## What to do
Would you repeat word for word the lines of the listing that follows, from the one with "ad9b561ac1e4 Носки мужские" up to and including the one with "High Resolution Diablo", and leave out the images?

## Data records
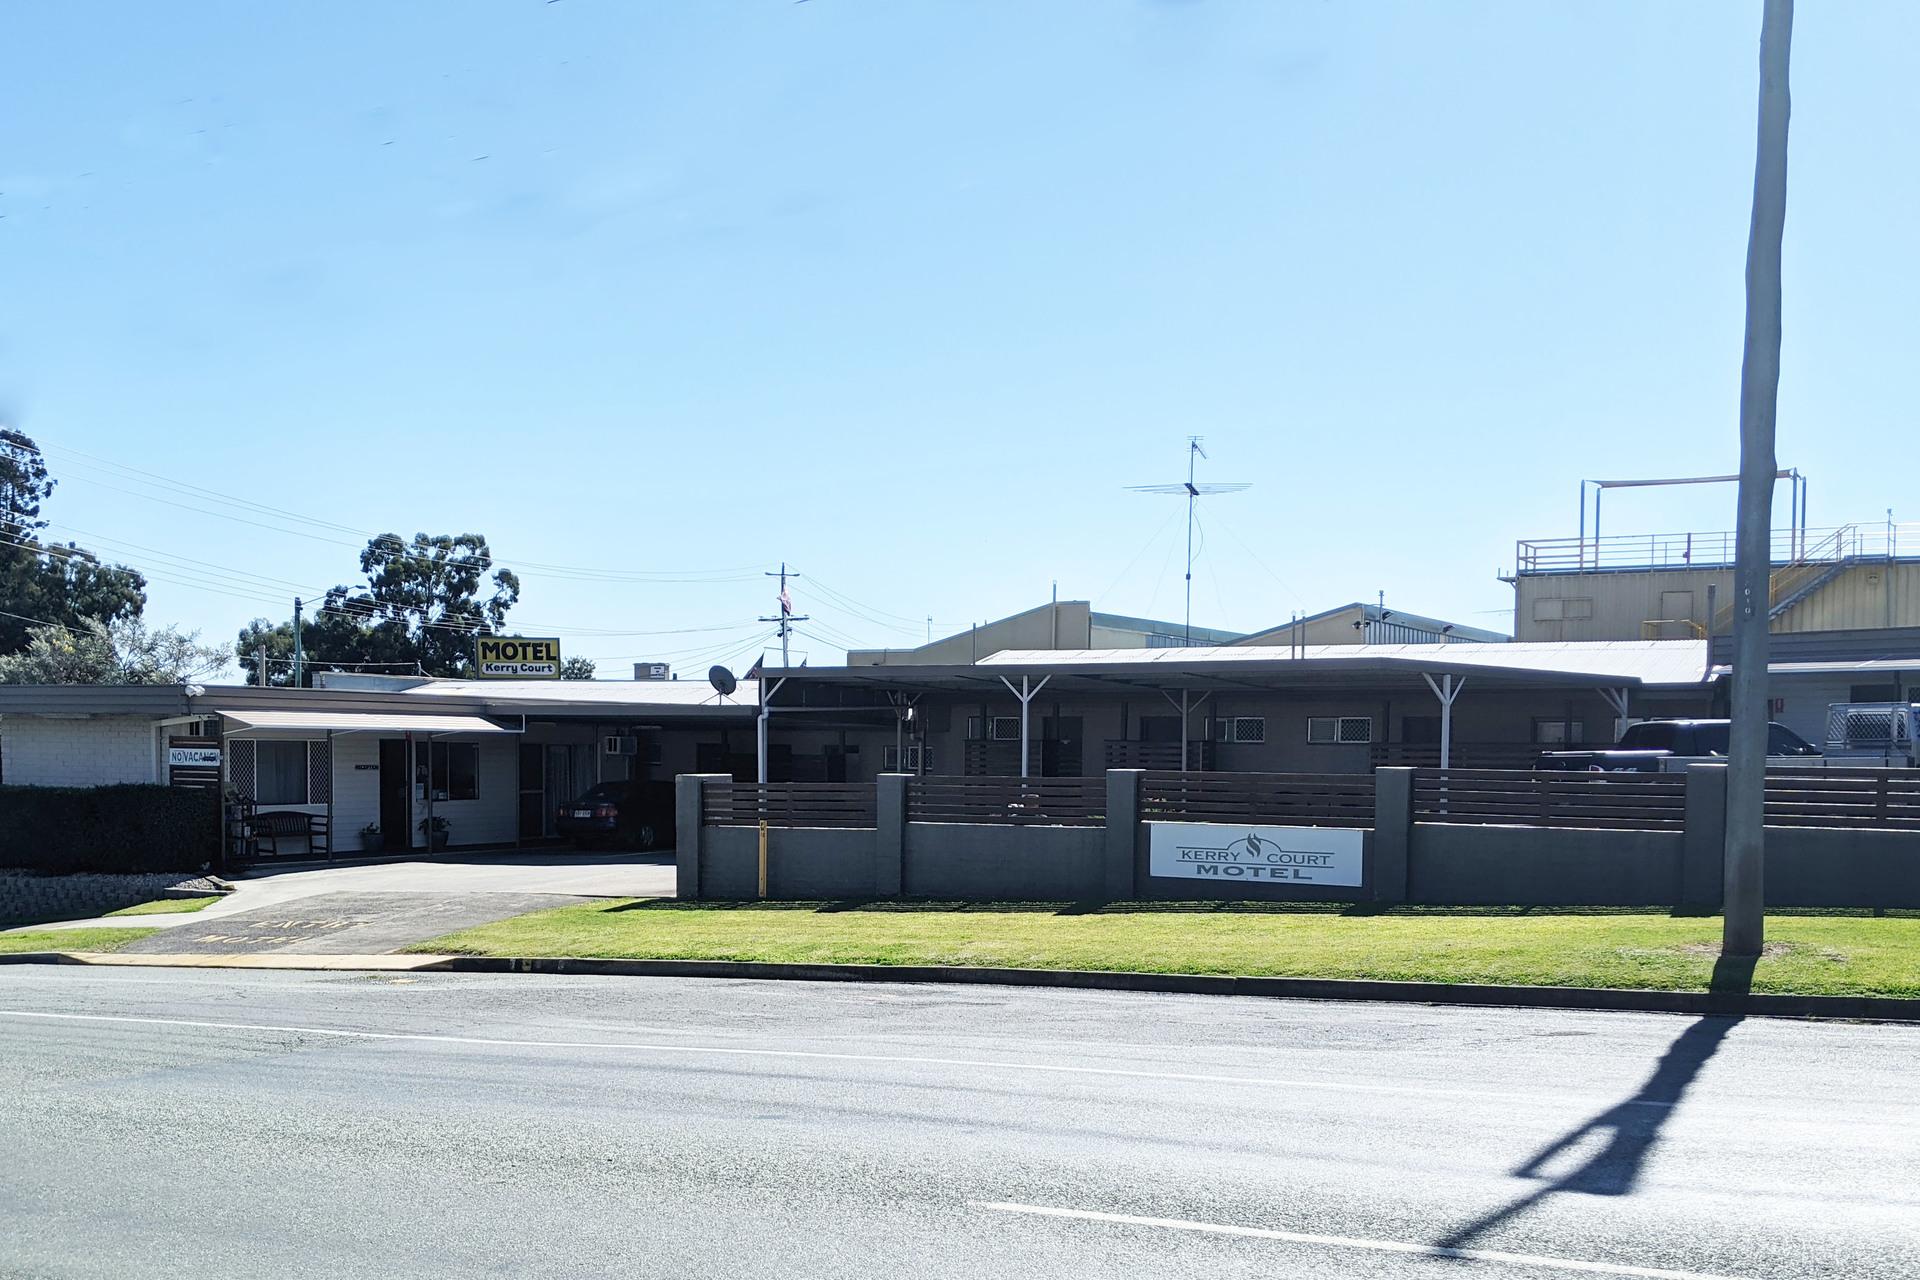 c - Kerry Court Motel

--

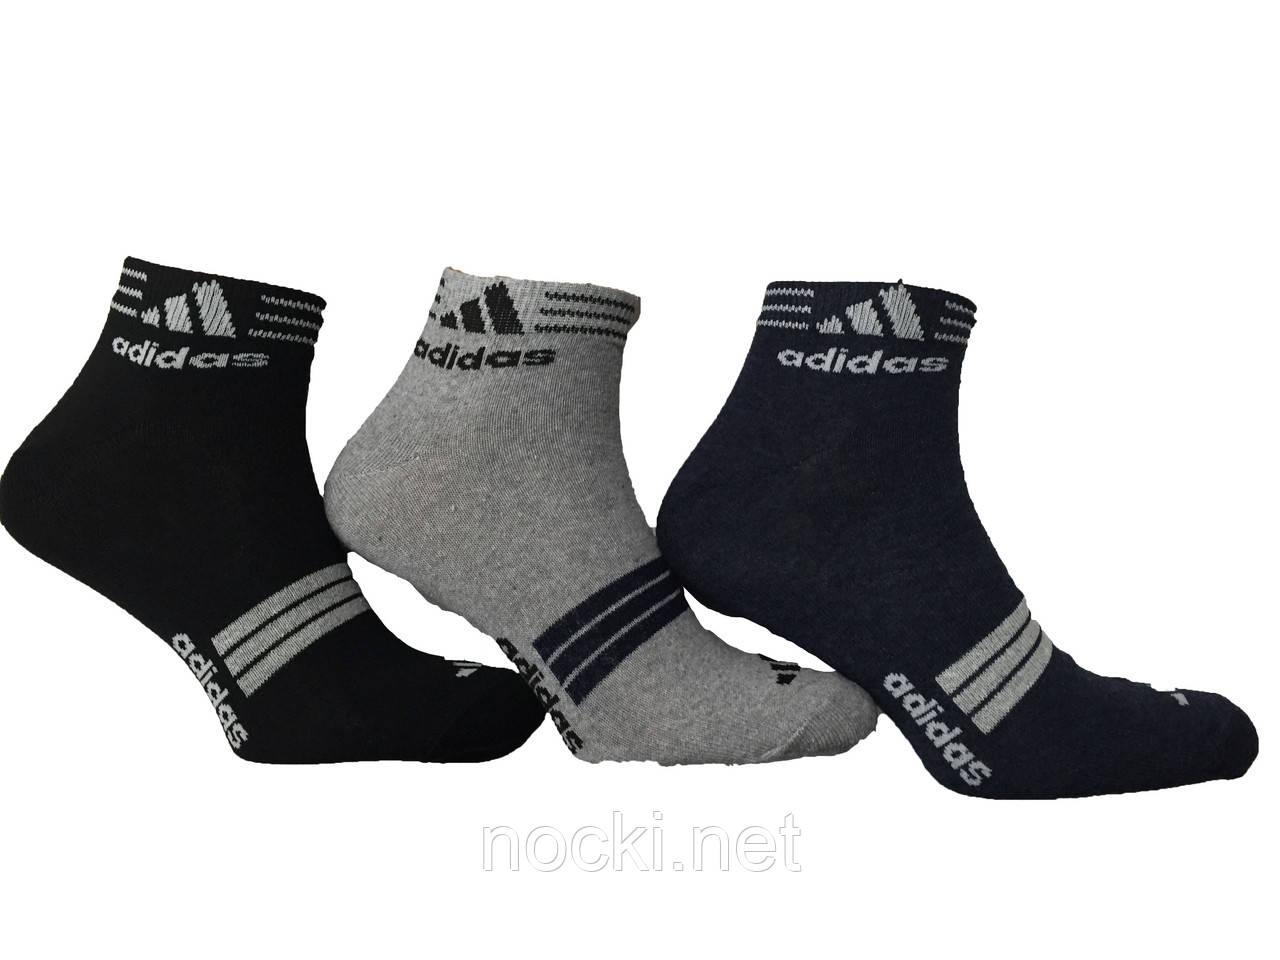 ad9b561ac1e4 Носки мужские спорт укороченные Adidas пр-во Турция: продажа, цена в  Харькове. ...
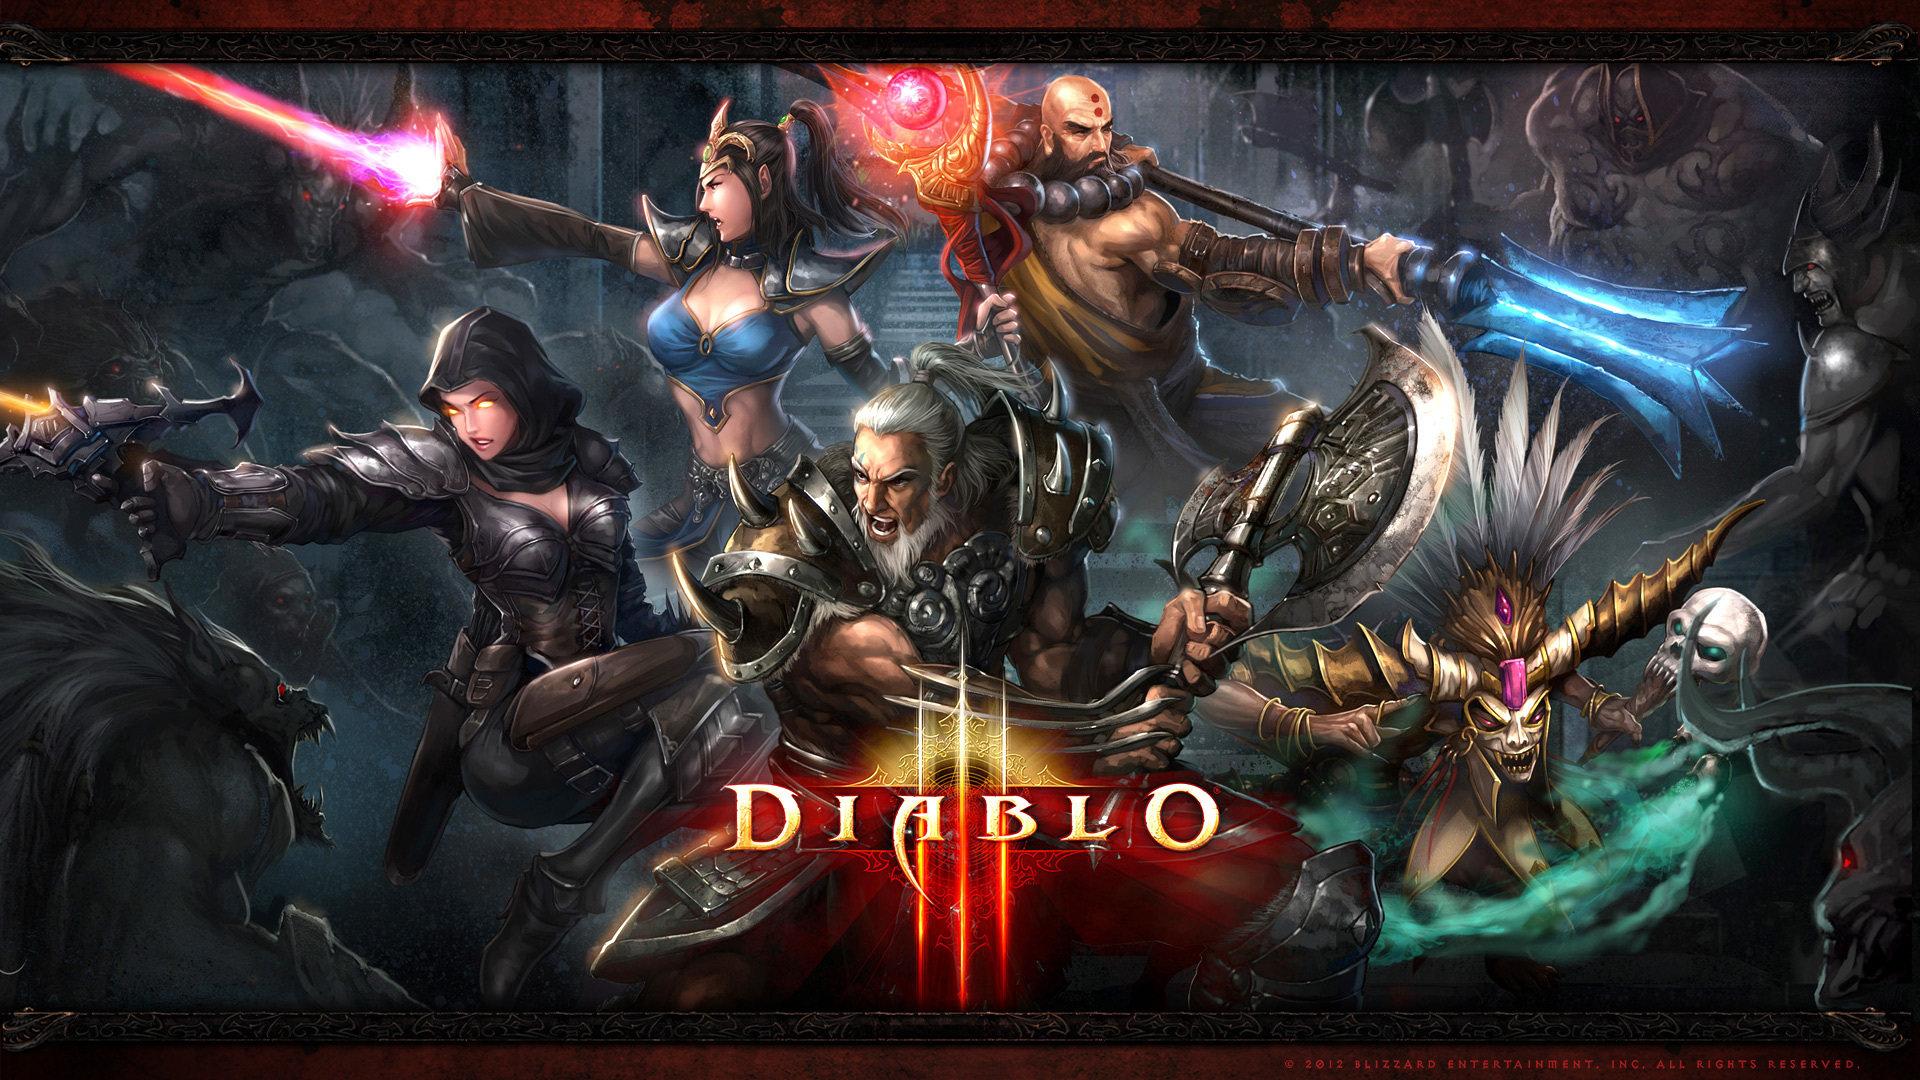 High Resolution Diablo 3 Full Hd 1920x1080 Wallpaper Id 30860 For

## Result of the task
 ad9b561ac1e4 Носки мужские спорт укороченные Adidas пр-во Турция: продажа, цена в  Харькове. ...
 High Resolution Diablo 3 Full Hd 1920x1080 Wallpaper Id 30860 For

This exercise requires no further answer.